_Information shown_
===============
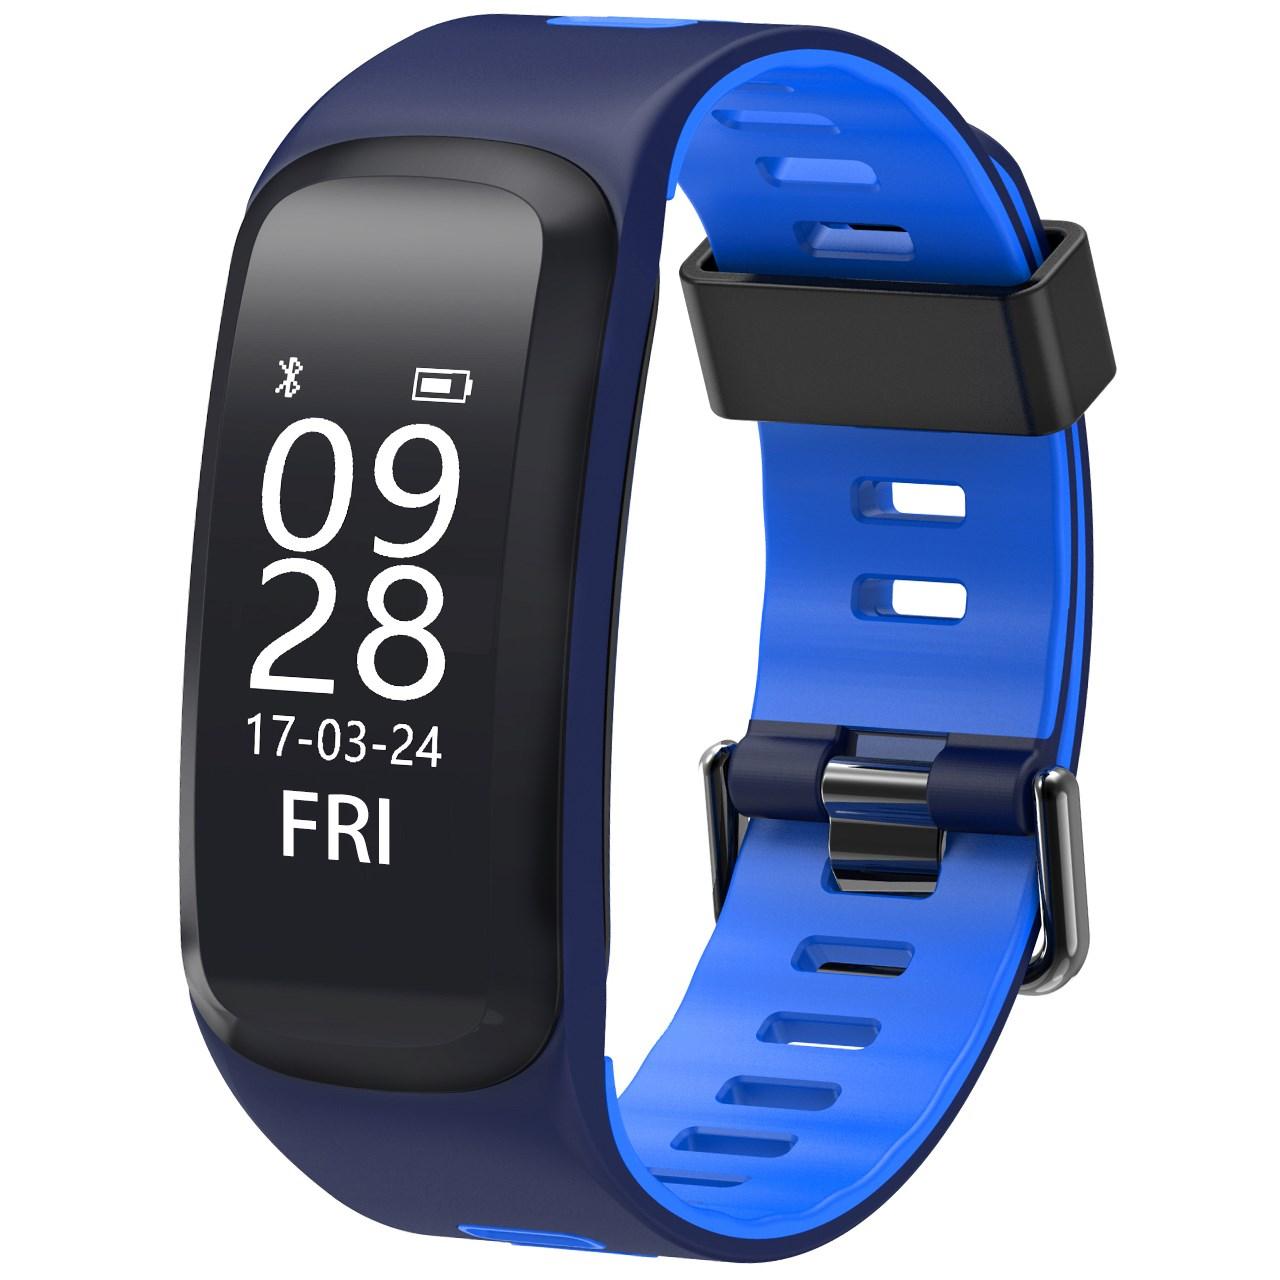 مچ بند هوشمند داتیس مدل  InFit DB-4 Blue
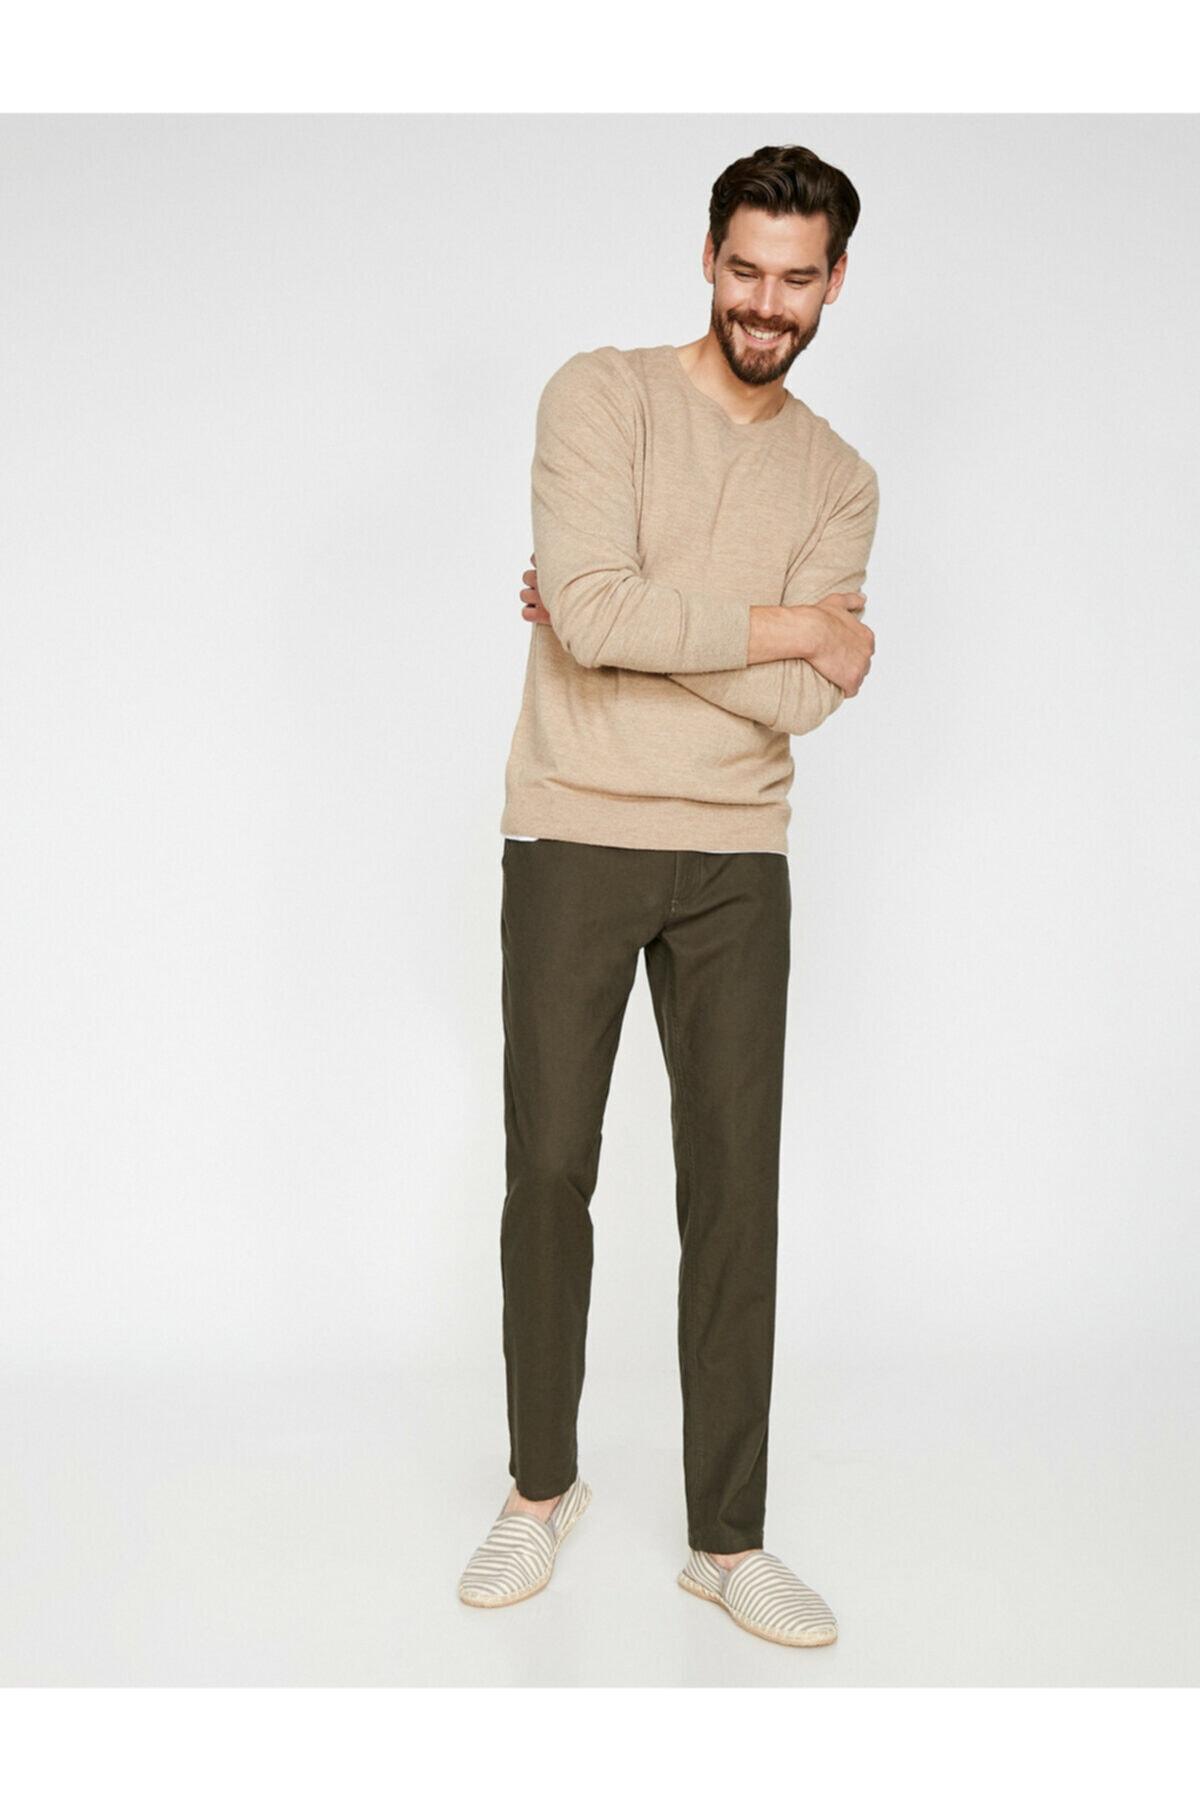 Koton Erkek Yeşil Cep Detayli Pantolon 9YAM41992BW 1
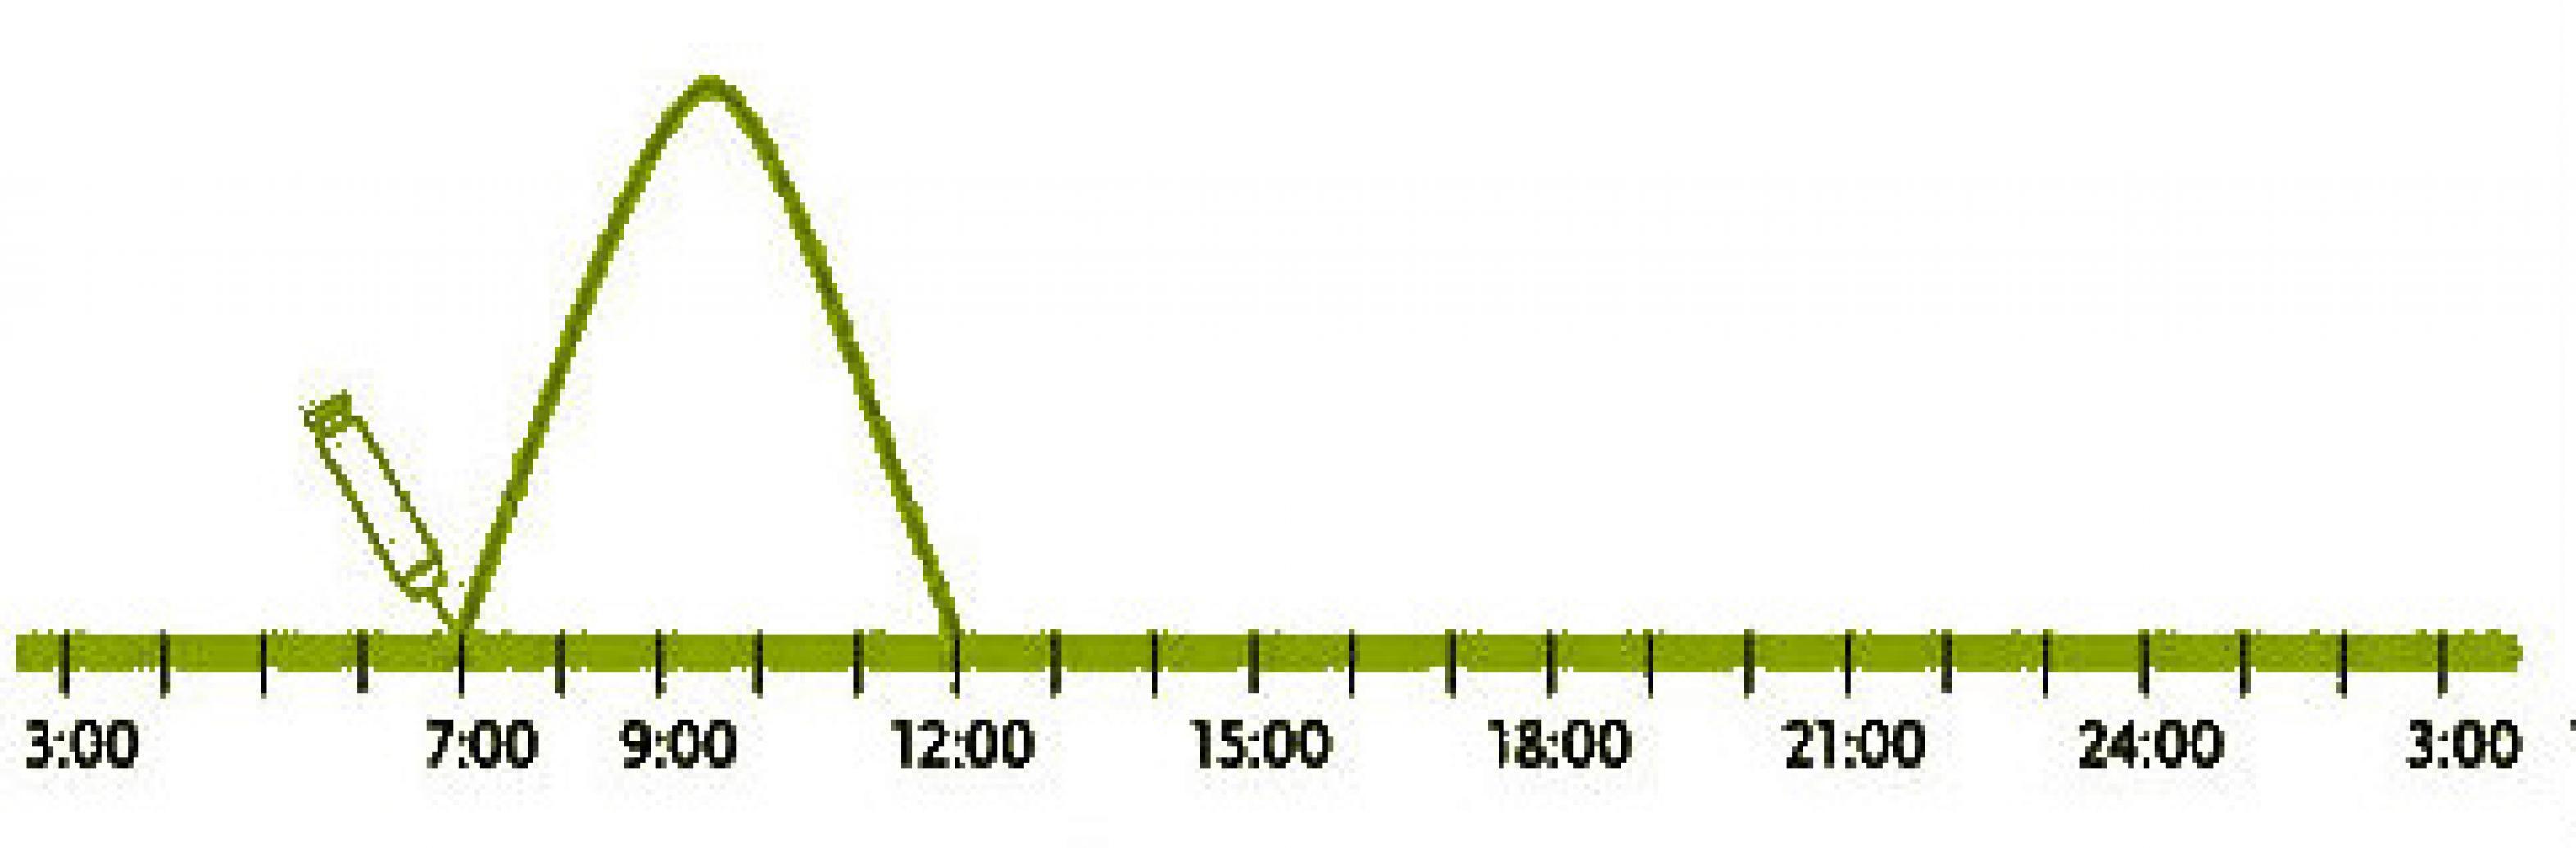 Grafik Kurve Kurzwirksame Normalinsuline
===============
_Work request_
One exact copy of the data, no pictures: write it out line for line.

_Reply to the task_
 مچ بند هوشمند داتیس مدل  InFit DB-4 Blue
 Koton Erkek Yeşil Cep Detayli Pantolon 9YAM41992BW 1
 Grafik Kurve Kurzwirksame Normalinsuline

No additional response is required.